• _Supplied material_:

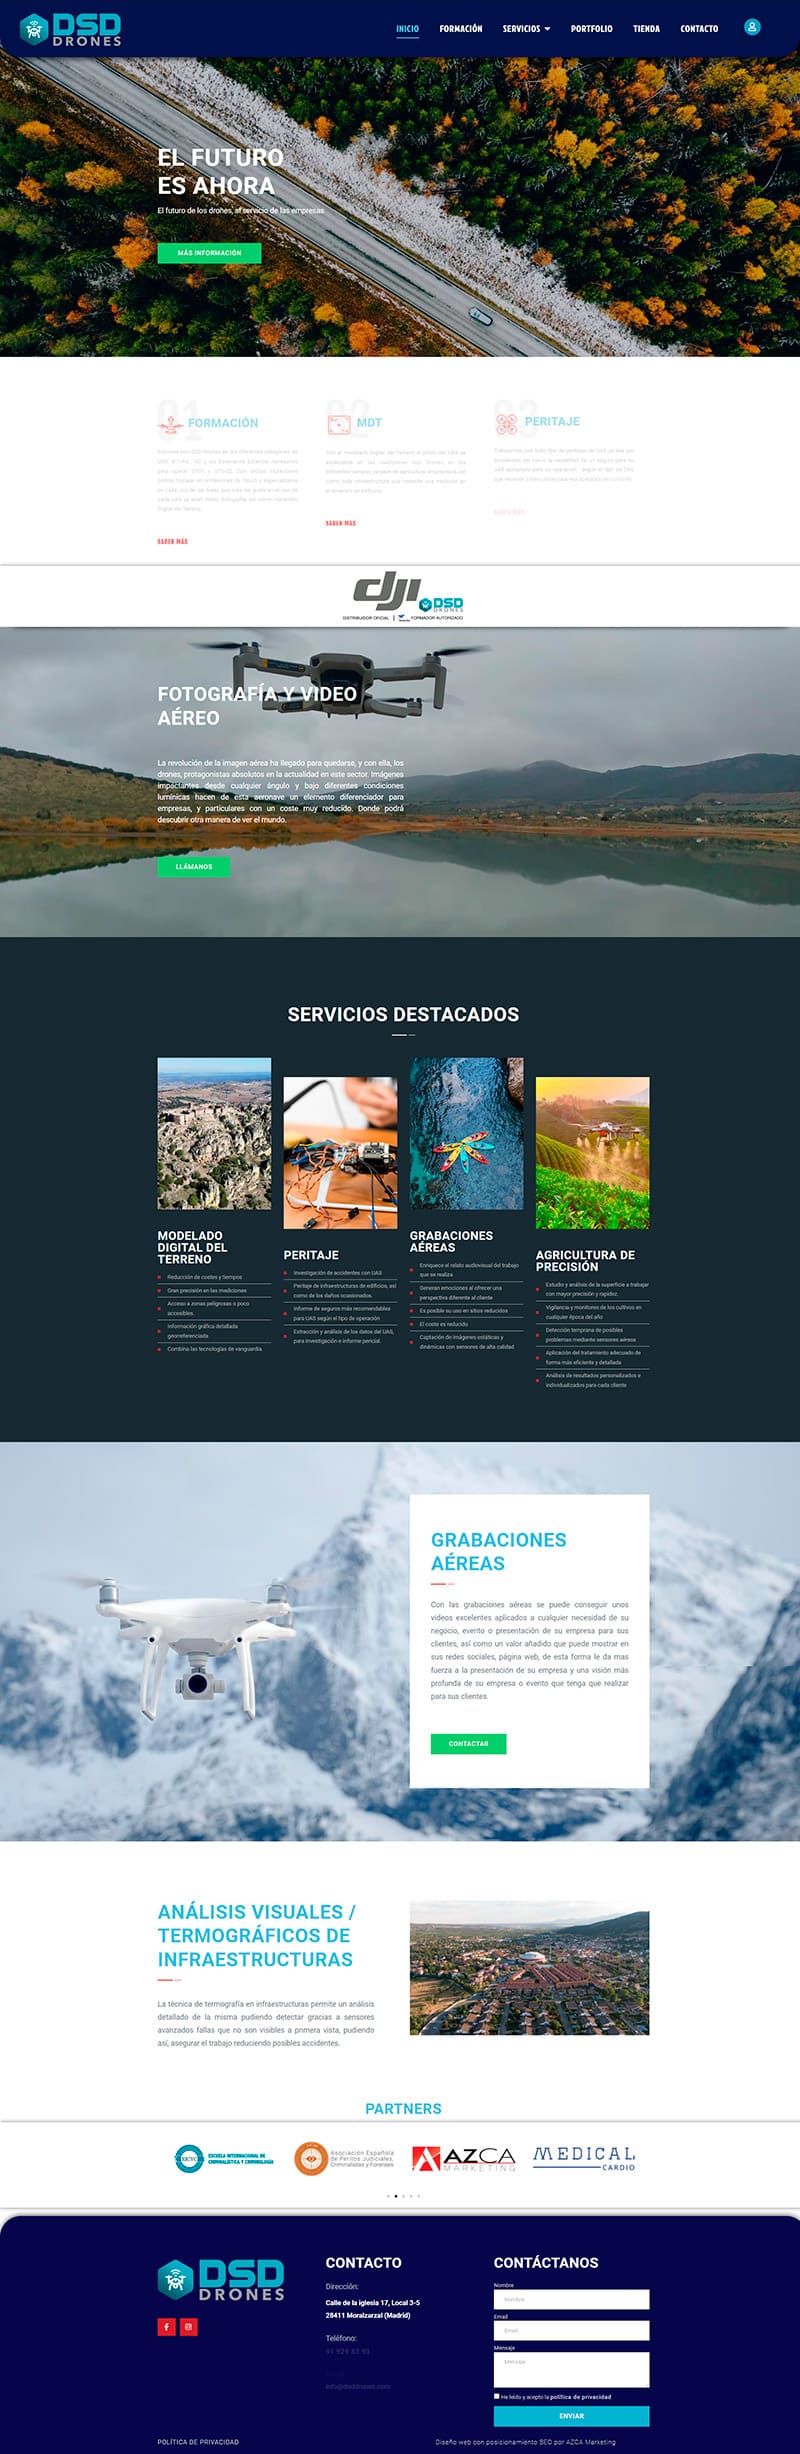 dsd drones diseño web y posicionamiento seo
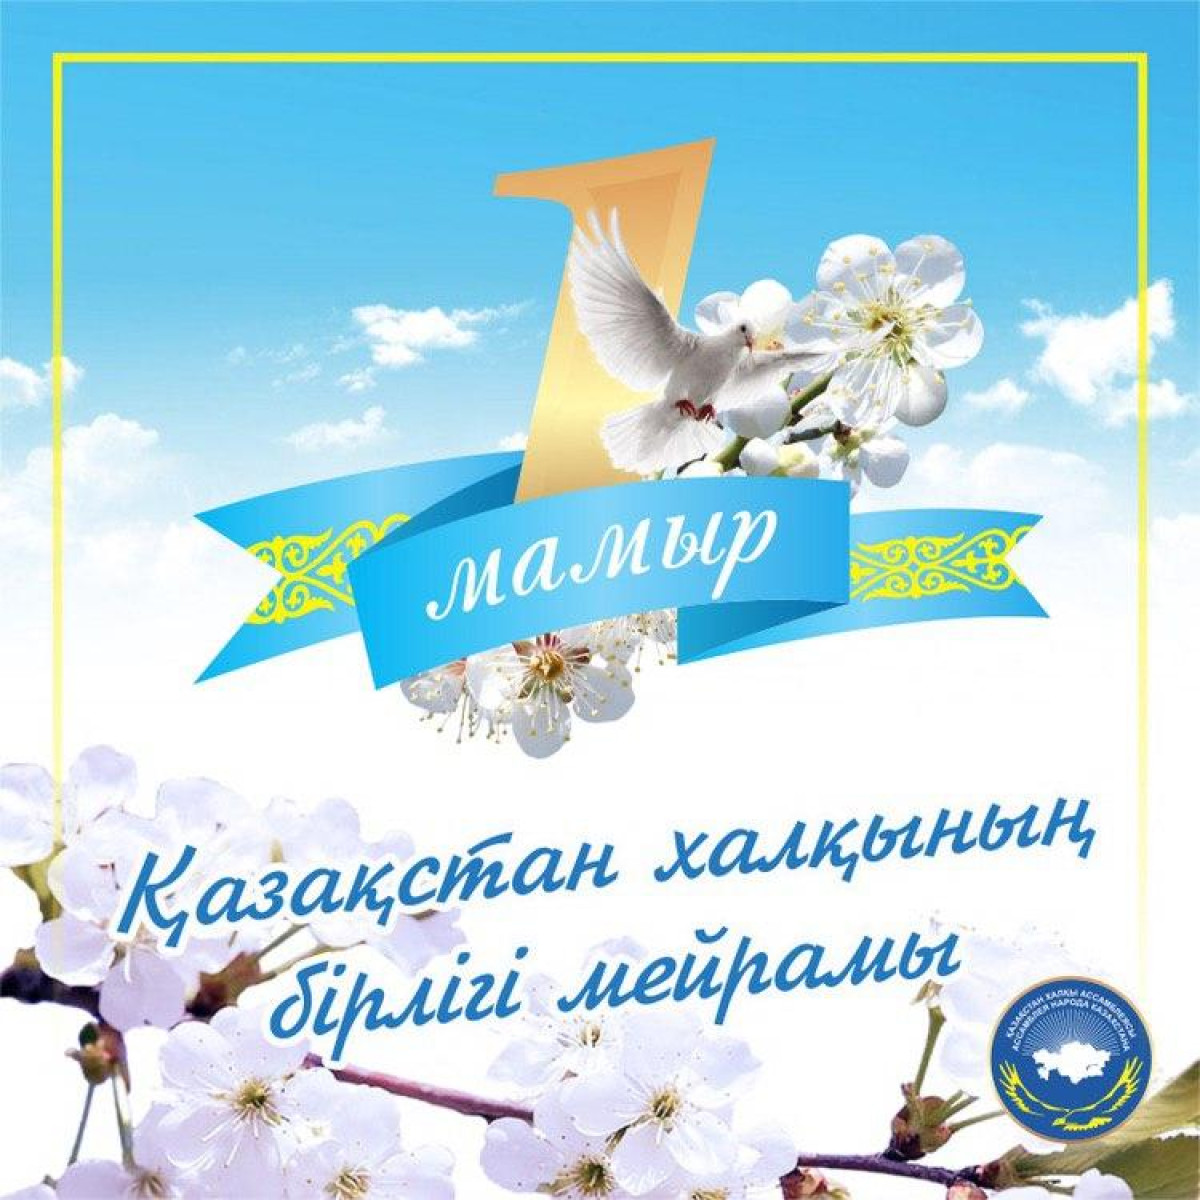 АНК поздравляет с Праздником единства народа Казахстана
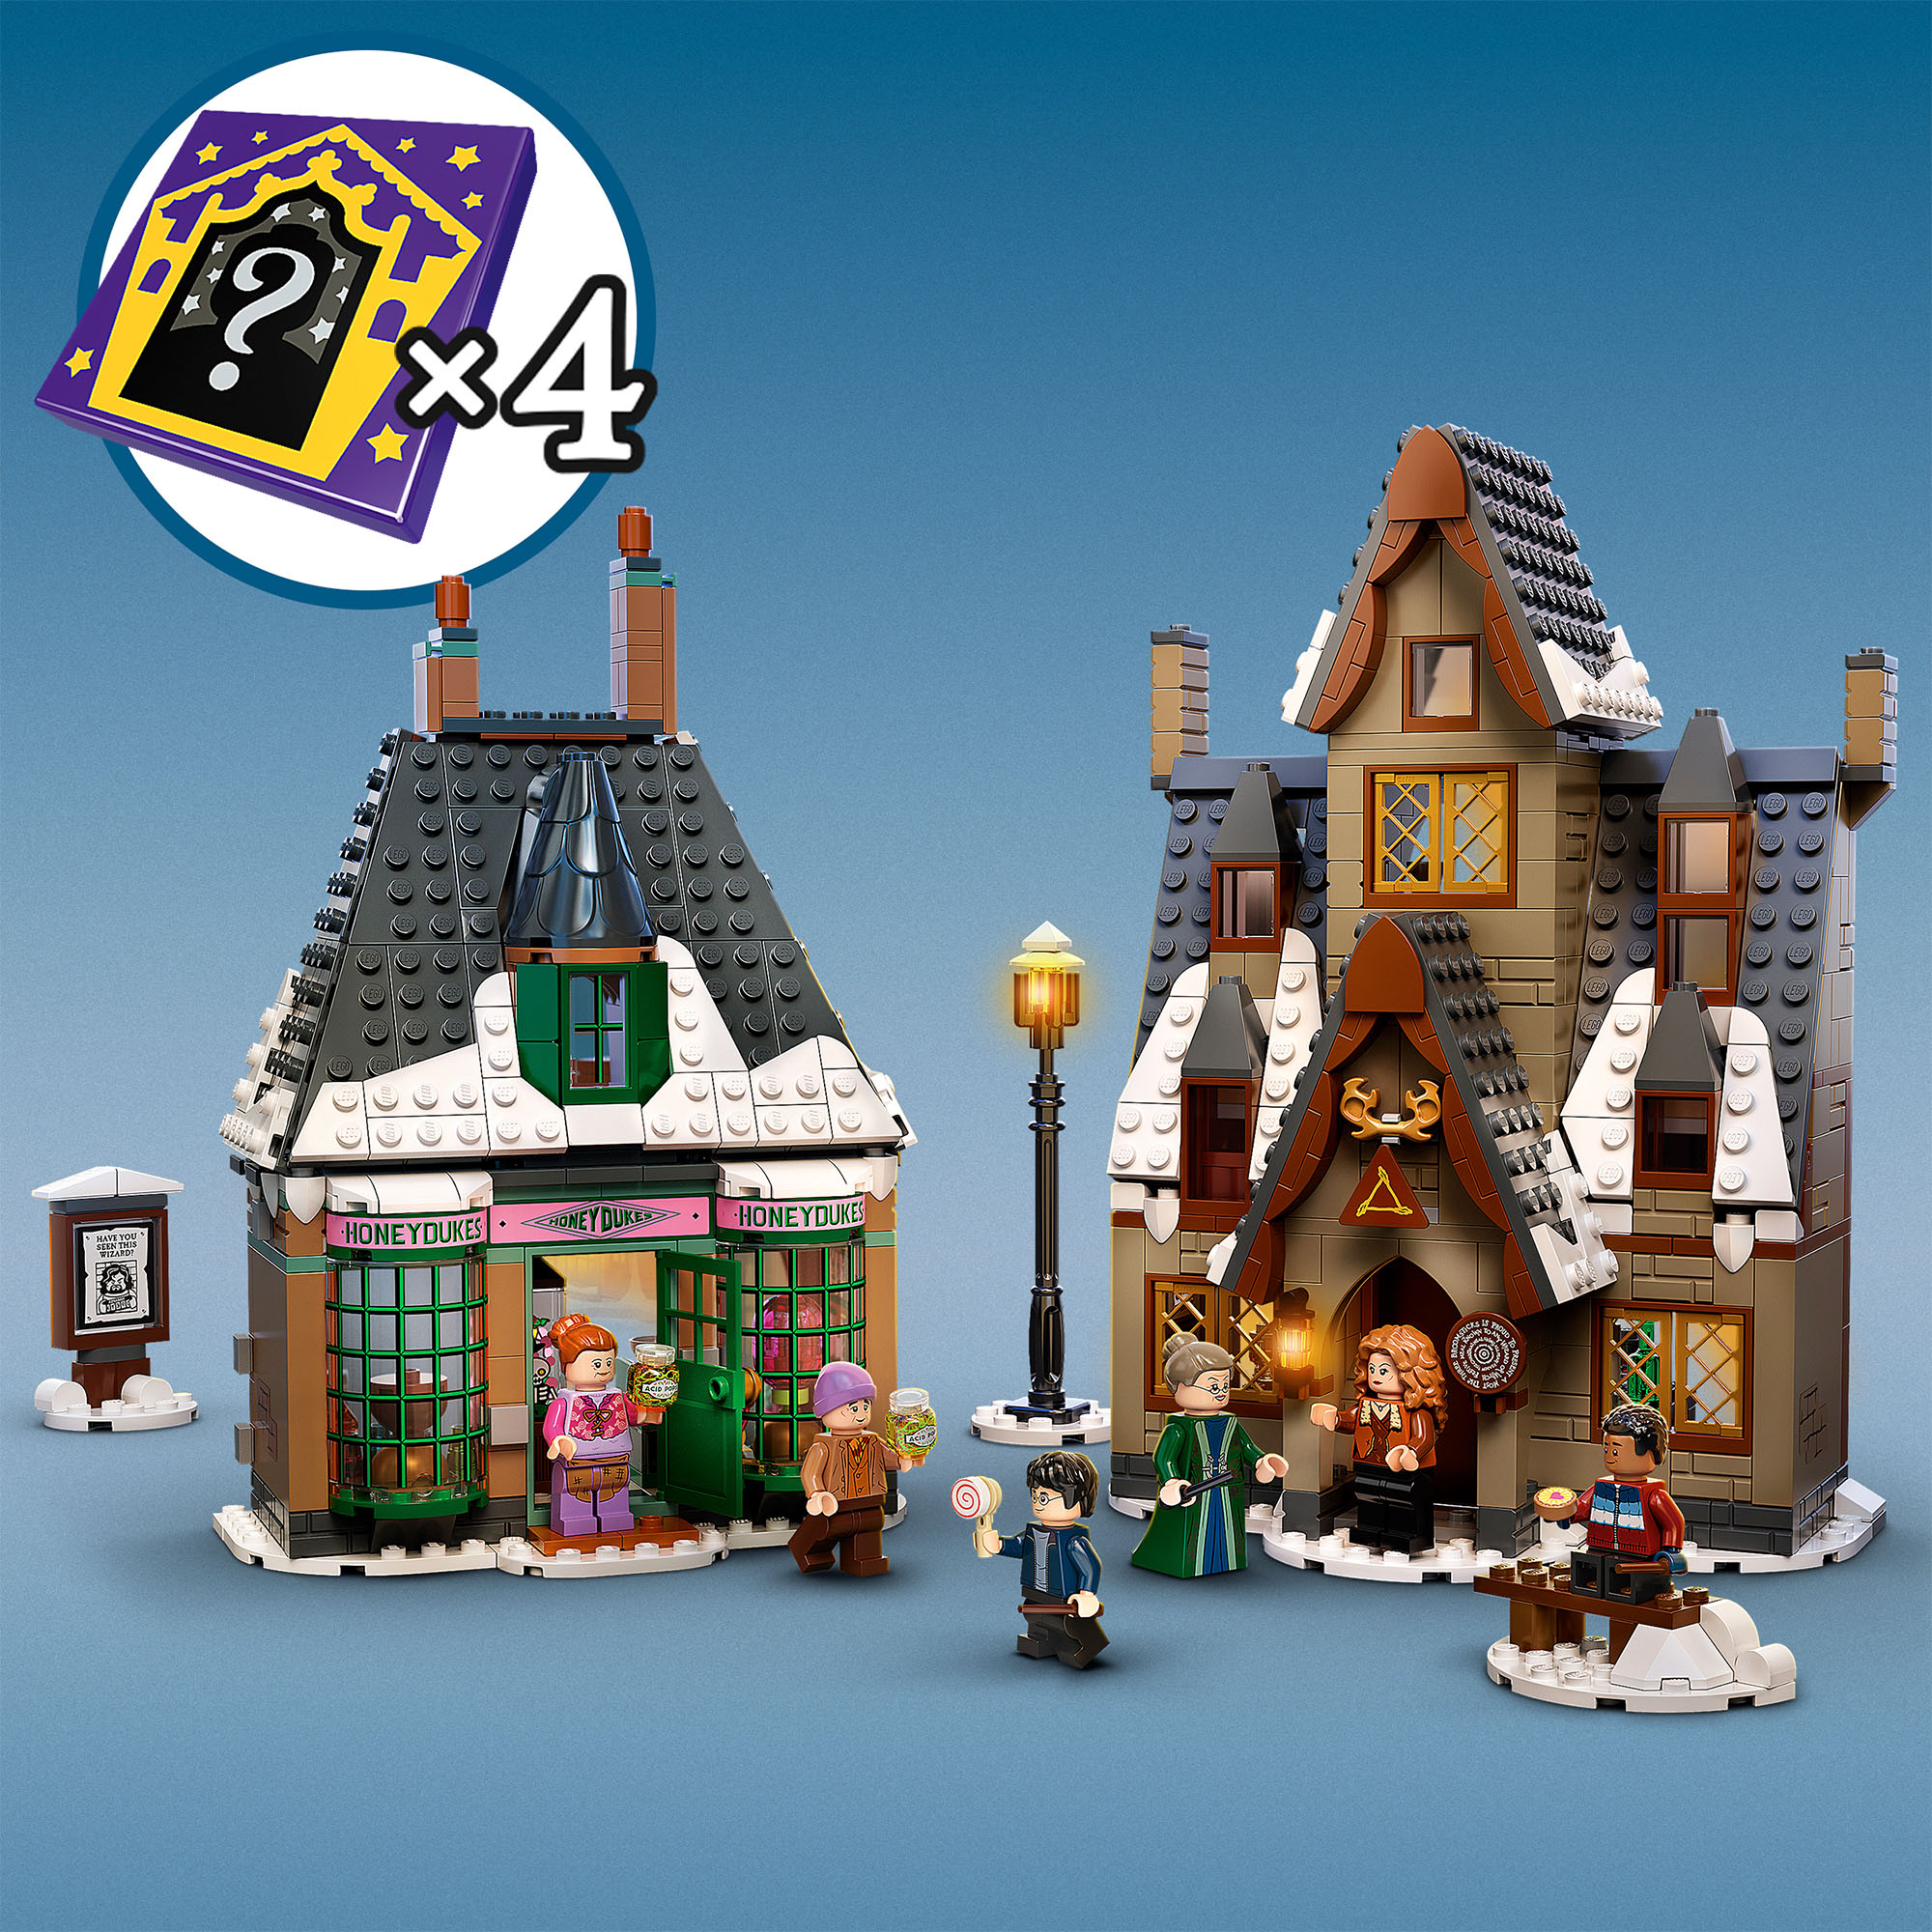 LEGO Harry Potter Visita al Villaggio Di Hogsmeade, Set Giocattoli per Bambini, 76388, , large

• _Problem statement_:
Everything from the line with "АНК поздравляет с" through the last line above should be reproduced exactly, both ends included; pictures must be omitted.

• _Response_:
 АНК поздравляет с Праздником единства народа Казахстана
 LEGO Harry Potter Visita al Villaggio Di Hogsmeade, Set Giocattoli per Bambini, 76388, , large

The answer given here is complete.